A tank has a shape of a cone with a radius at the top of 3 m and a height of 5 m. The tank also has a 1 m spout at the top of the tank.

Work = force•distance where, in this case, "force" is the weight of the water to be lifted and "distance" is "y"

The weight of the water is the (volume of the water)•(density of water)•(acceleration due to gravity or "g")

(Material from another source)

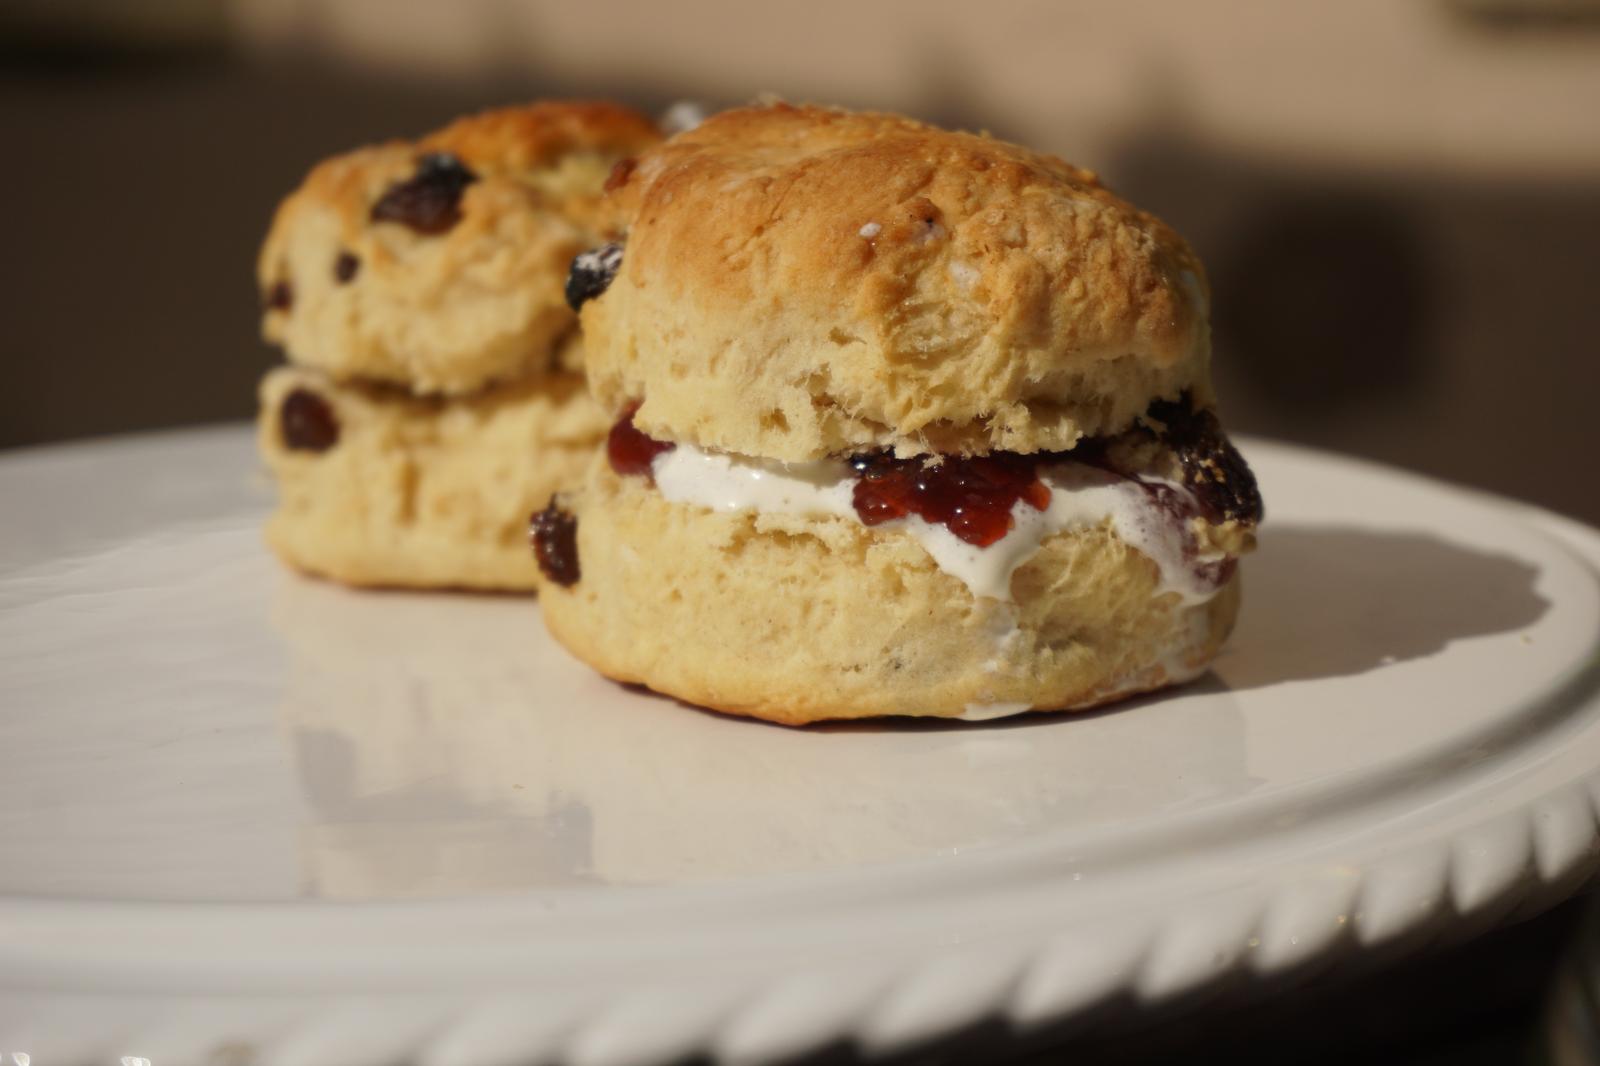 Plan a Trip to London If You Want to Know When You’ll Meet Your Soulmate ❤️ Scones

The Volume of the water (V) is the Area•thickness = πr²•(dy) but "r" changes as the height of the water changes. You can use similar triangles to get the ratio: 3/5 = r/h or 5r = 3h or r = 0.6h

So V = πr²•(dy) = π(0.6h)²•(dy) = 0.6πh²•(dy) = 1.885h²•(dy)

Since the height of the spout is 4m from the bottom, then h = 4 - y so now we can write volume as:

V = 1.885(4 - y)²•(dy)

Weight of the water = V•density•g = 1.885(4 - y)²•(dy)•1000•9.8 = 18473(4 - y)²•(dy)

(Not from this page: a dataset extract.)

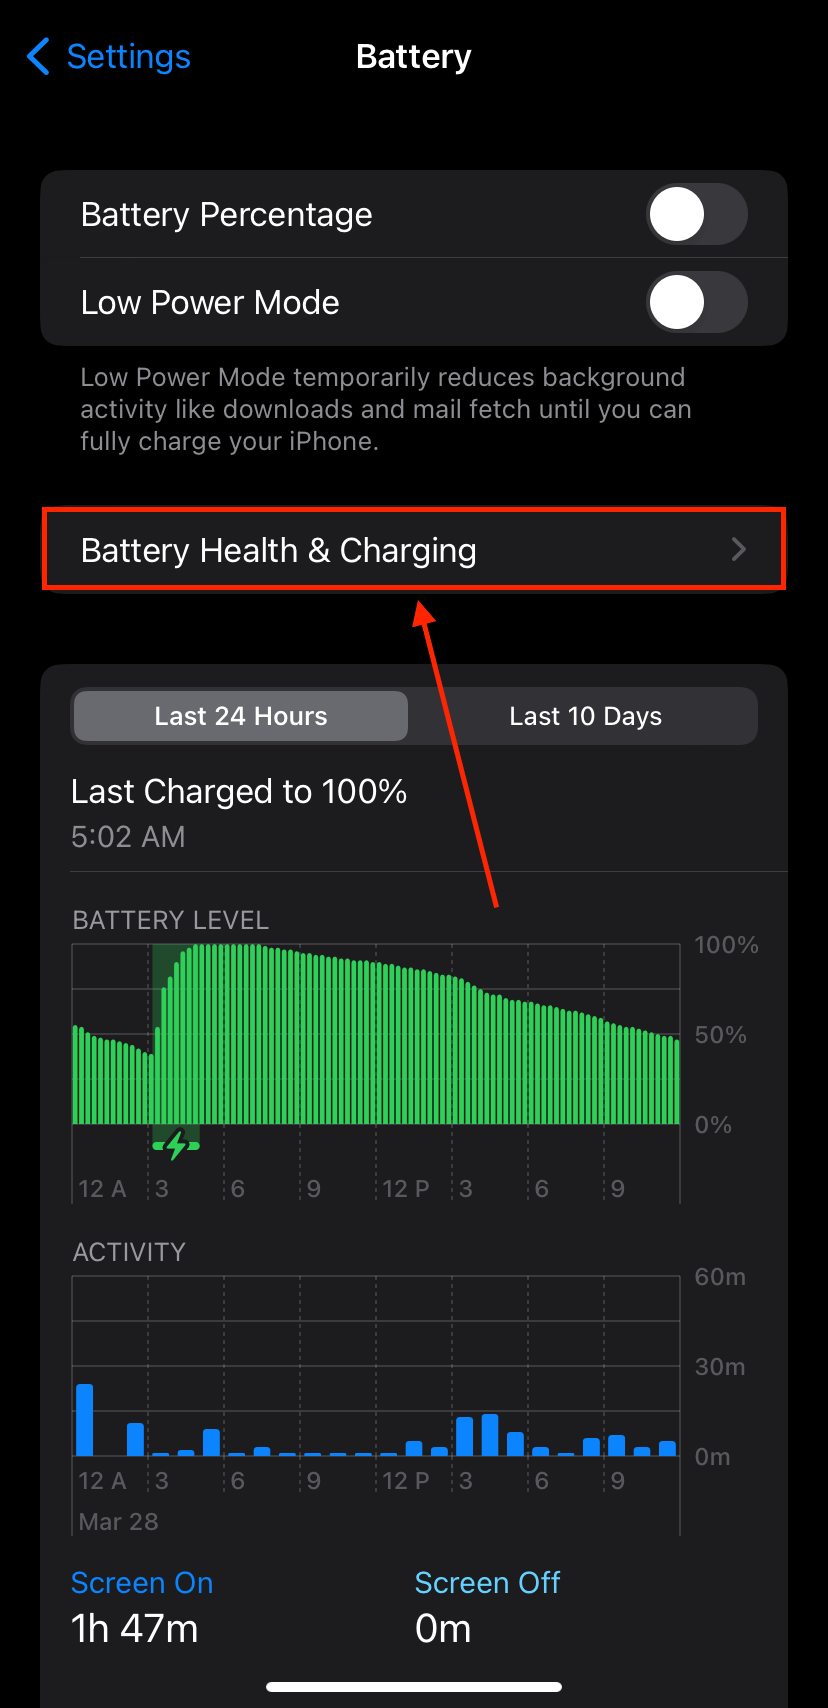 Battery Health & Charging button in iPhone Settings

Multiplying this out we get:

Weight of water = 18473(16 - 8y + y²)•(dy) = 295561 - 147781y + 18473y²•(dy)

Work = force • distance = weight • distance = (295561 - 147781y + 18473y²•(dy))•(y)

Work = 295561y - 147781y² + 18473y³•(dy)

To find all the work we integrate from y = 2 to y = 4 (y = 2 is where the water is at the start and y = 4 is when the tank is empty):

Work = ₂∫⁴ 295561y - 147781y² + 18473y³ dy

You can do this manually fairly easily or use a calculator. The units of work are Nm (Newton meters) which is the same as joules.